6) Full Weather app for iOS
Another big achievement is it can develop a full weather app for iOS. The user used o1 and Cursor Composer and completed the task in 10 minutes.
Just combined @OpenAI o1 and Cursor Composer to create an iOS app in under 10 mins!
— Ammaar Reshi (@ammaar) September 12, 2024
o1 mini kicks off the project (o1 was taking too long to think), then switch to o1 to finish off the details.
And boom—full Weather app for iOS with animations, in under 10 🌤️
Video sped up! pic.twitter.com/hc9SCZ52Ti
In this case, o1 mini was taking too long to think but then switched to o1 to finish the task.
7) Create a PDF Tool
The user asked it to create a tool to help people improve their reading speed via PDFs they can upload. Here’s the prompt: “Create a program in a single HTML page that lets the user upload a PDF, choose which page to start on, and then trains the user to read faster. The goal is to make something that people can use to read their PDFs comfortably, and learn to read faster in the process.“
The output is here:
My first attempt using o1-preview, I asked it to create a tool to help people improve their reading speed via PDFs they can upload.
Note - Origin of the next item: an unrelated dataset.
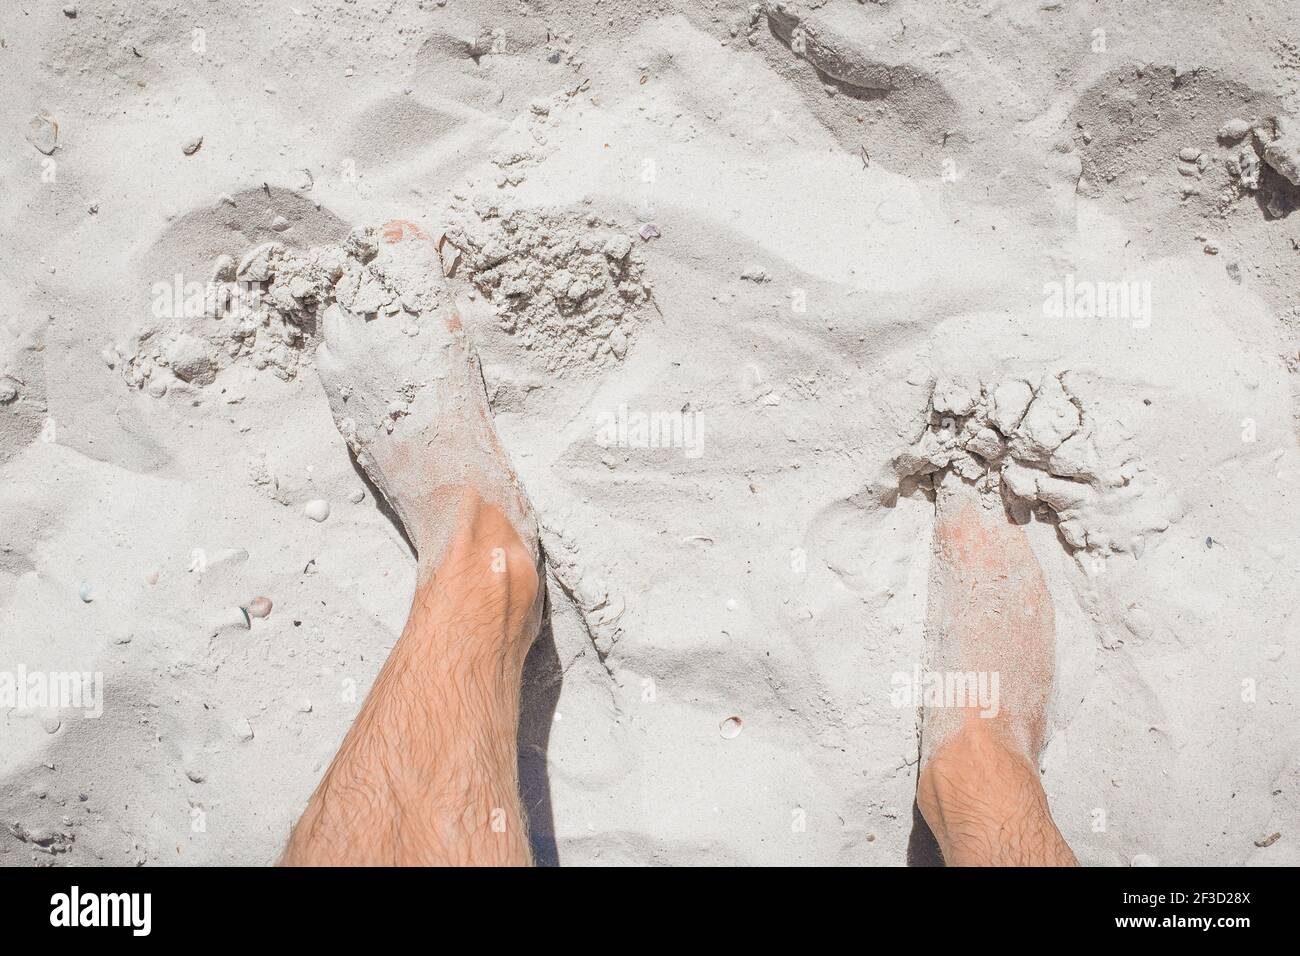 Die Beine des jungen Mannes stehen entspannt auf dem weißen Strandsand, der Blick von oben. Stockfoto

— Ippi (@Coolzippity) September 12, 2024
It spat out a 400 line program that worked on the first try, let me upload a pdf, control the reading speed, and select the page number. pic.twitter.com/veAtwBGEj7
The user was impressed because the code worked on the first try.
Conclusion
While the o1 model is still in its nascent stage and it takes some time to ‘think’, it is still a big step ahead in the world of AI. It is not a competitor for ChatGPT but a sibling of it that makes the openAI’s toolset more worthy! ChatGPT is still useful for common reasoning, while o1 is here for maths and coding!